A dedicated replication connection maintains a streaming session to Postgres and receives a continuous sequence of logical replication records. Each incoming record has:
- An ordering position (log sequence position)
- A message type (data change, transactional boundary, schema-related, etc.)
- A raw payload, which may arrive fragmented across multiple network reads
The replication connection is responsible for maintaining continuity, reconnect behavior, and producing a clean stream of replication payload bytes plus the metadata needed to order and acknowledge progress.
The log manager sits immediately downstream of the replication connection. Its responsibilities are to:
- Persist incoming replication messages to local durable storage in a sequential log format.
- Ensure that acknowledgment back to Postgres happens only after durability guarantees are met.
- Provide a stable “replayable” source of replication data for downstream consumers, including restart recovery after failures.

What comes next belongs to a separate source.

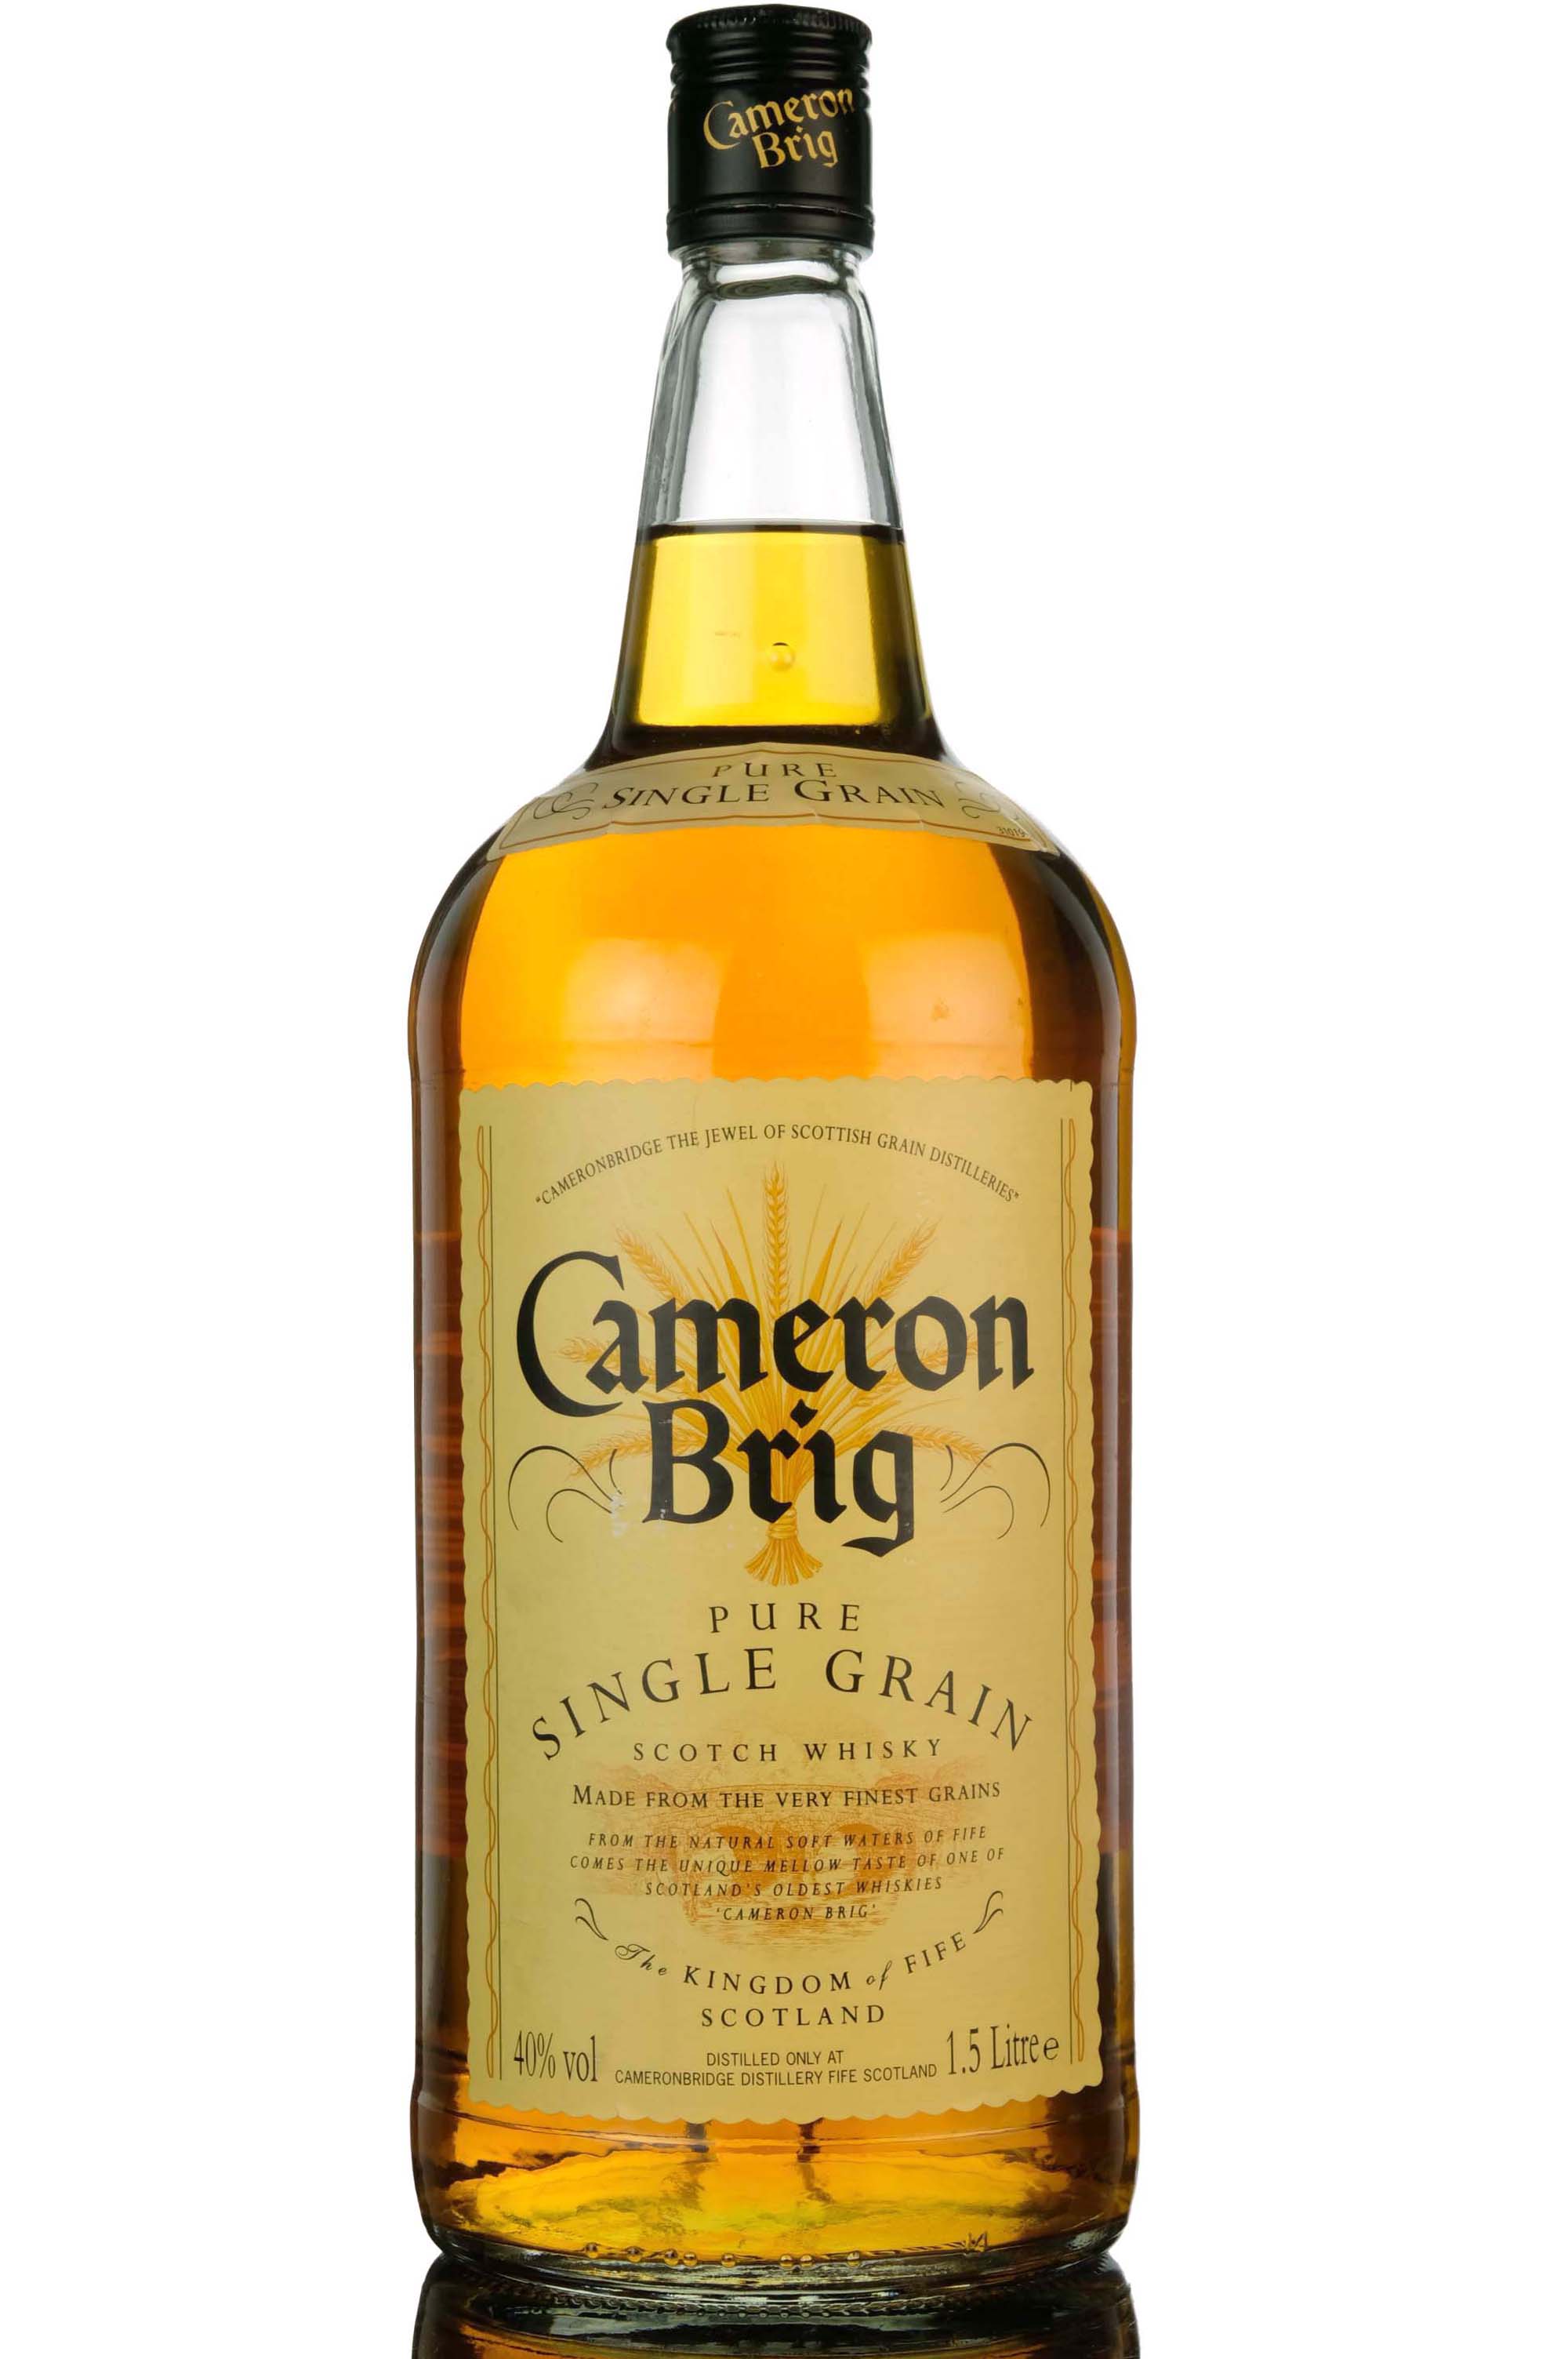 Cameronbridge Cameron Brig - 1.5 Litres

This stage decouples ingestion reliability from downstream processing speed and isolates transient parsing or indexing failures from the replication session.
Message-stream processing is the layer that takes the raw bytes from the staged log and interprets them into higher-level, typed events such as:
- Transaction boundaries (begin/commit)
- Row-level changes (insert/update/delete)

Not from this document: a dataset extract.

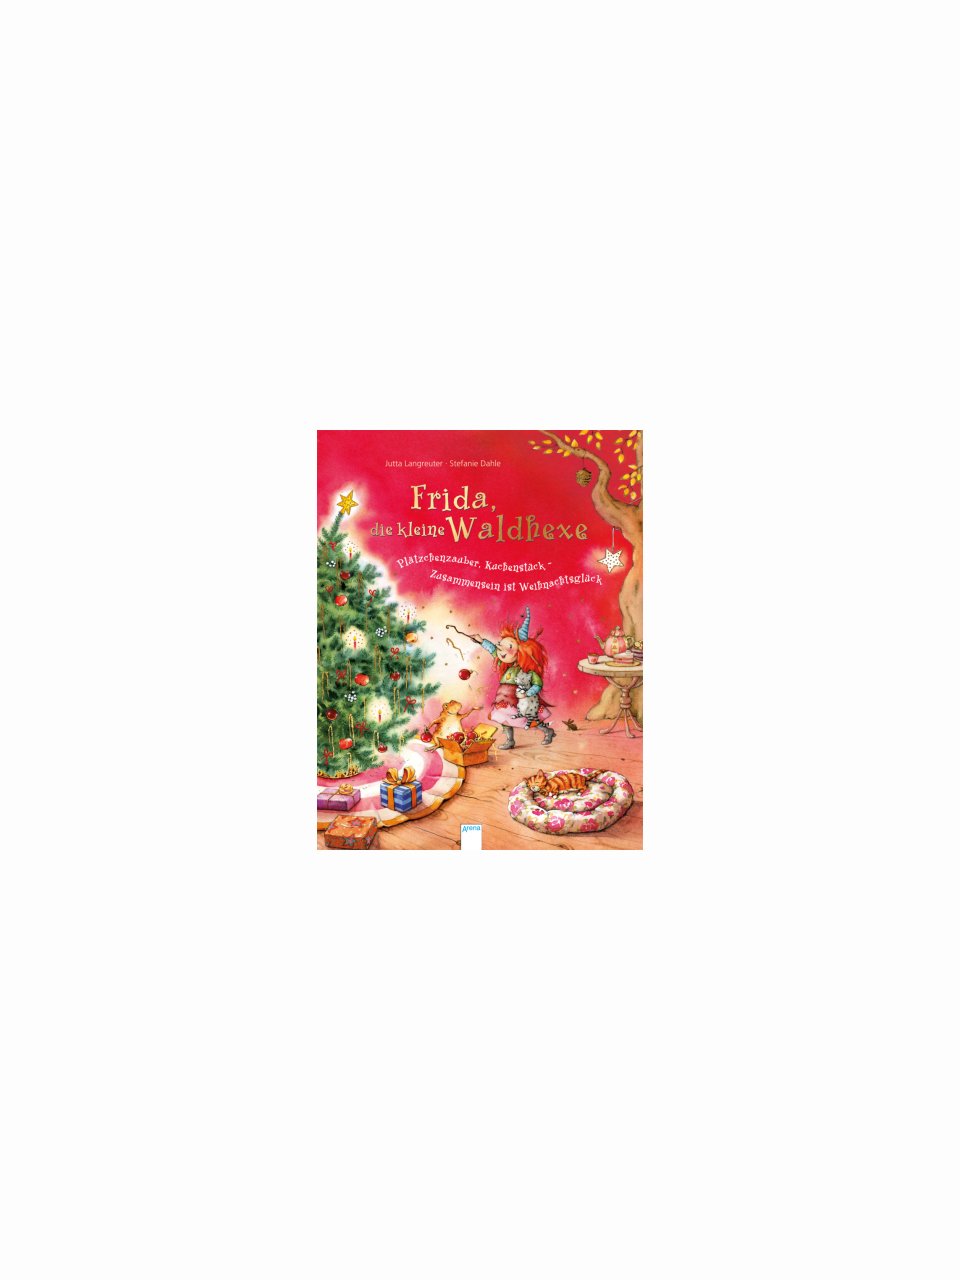 Frida, die kleine Waldhexe - Plätzchenzauber, Kuchenstück, Zusammensein ist Weihnachtsglück

- Metadata and schema-change related events
- Other logical replication message categories relevant to the system
It incrementally parses the byte stream, reconstructs message boundaries, and emits structured events to later stages.
The replication connection continuously reads from the logical replication stream. A “message” in this context may not be delivered as one contiguous read; payloads can be fragmented. The connection layer:
- Collects incoming bytes
- Preserves ordering
- Associates each produced chunk with the message context necessary for later reassembly (including the total message length and current offset within the message)
At this stage the data is still an uninterpreted replication payload (raw bytes plus positional metadata).
Each message (or message fragment) is forwarded to the log manager, which appends it to a durable log file in a format that supports later sequential reading and recovery.
Key properties of this append stage:
- The log is written sequentially for throughput and simplicity.
- Message framing information is preserved so downstream readers can locate message boundaries.
- The log manager accounts for the fact that some messages may arrive in parts and ensures the log can still represent the original message correctly.
Acknowledging progress to Postgres is tied to durability, not just receipt. The log manager ensures that:
- Replication progress is advanced only when the written bytes have been flushed to durable storage.
- The “ack position” reflects committed progress in a way that is safe to resume from during restarts.
This prevents situations where Postgres believes the consumer has safely processed data that was only buffered in memory and could be lost on crash.
Downstream processing reads replication data from the staged log rather than directly from the replication connection. This decoupling provides:
- Replay capability after restart (the log is the source of truth)
- Backpressure control (read rate can differ from ingest rate within bounded buffering)
- A clean separation between “durable ingestion” and “semantic interpretation”